Thursday, 24 June 2010

Nothing to see here, move along

Alpha-Alpha, as was his wont when the mood struck him, strut across the apartment floor with the satisfying staccato accompaniment of his imported Cuban heals clacking egregiously against the gratifyingly and gratuitously expensive reclaimed timber panels. Leaning towards the sill and telescope perched securely upon its generous ledge, he carefully adjusted the focal calibration with a flourish that belied a certain calculating finesse, all the while peering down the tubular aperture of the dew shield at the street below. The polarised plexiglass window situated at the phallic apex of the luxury, down-town, multi-use complex, shielding him from his subjects' mutual subjugation.

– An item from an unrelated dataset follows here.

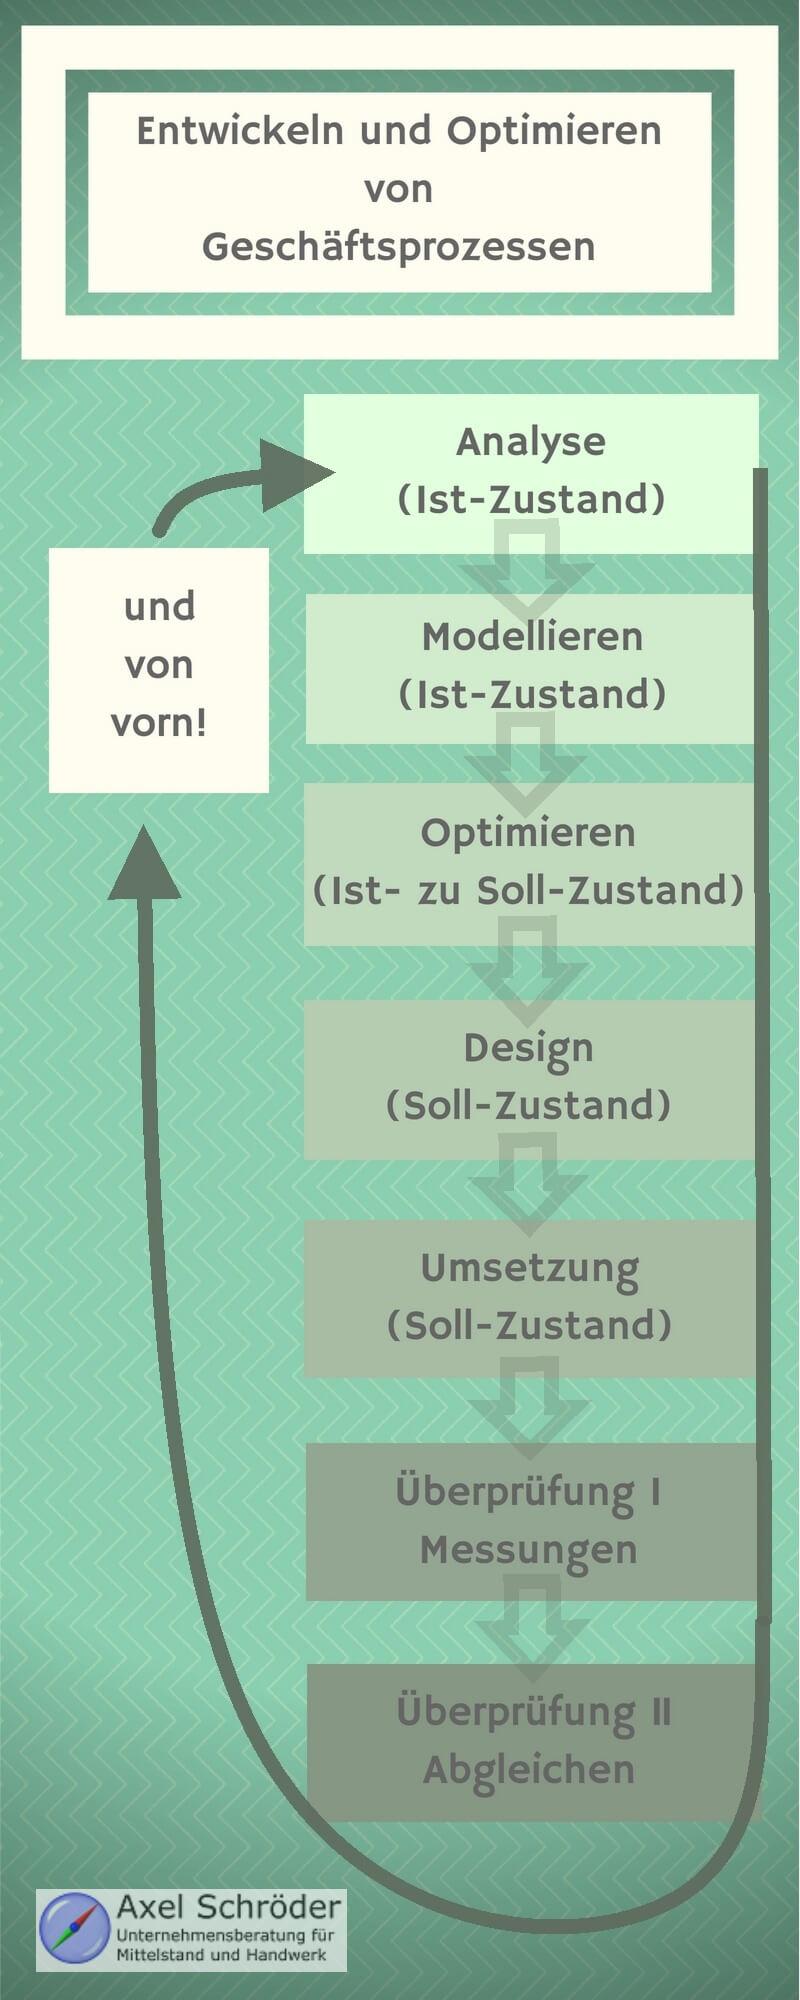 Infografik zum Geschäftsprozess - Entwicklung und Optimieren von Geschäftsprozessen

Such was the overtly practised and ever-so deliberately delivered nature of this activity, that few dared challenge its purpose; to do so would be a provocation of sorts – a challenge that could only give rise to an apparently innocent question that would, on further reflection, simultaneously impugning its target's integrity, namely: why are you looking down the wrong end of a telescope stupid?

It's seems an innocent enough question on the face of it and, indeed, quite legitimate as far goes the normal run of affairs. But then you have to take into account the context: the conspicuously opulent surroundings; the wealth and power that they represented. Alpha-Alpha didn't inherent his fortune, he accumulated it by carefully diminishing others'. And that undisguised opulence was not the accidental design of flights of fancy clashing with whimsy, rather, a carefully orchestrated ensemble that could only be the outcome of a vast symposium of auctioneers, artists, critics and scholars, which, indeed, it was. A cumulative set of pecuniary talents that, over the years, Alpha-Alpha had accumulated for himself and that had made him the perfect arbiter at said auction-cum-symposium.

So why the wrong end of the telescope? No one had ever called him out on it. And wisely so. However, QT had a theory. You see, a reverse proportional effect was achieved by the wrong-ending of the ocular stick: the people in the street below appeared smaller – antsier – and, perhaps, that was how he actually saw them, their reality in relation to his and yet, somehow, his own visual apparatus had failed to relay that essential truth to his cortex. Hence.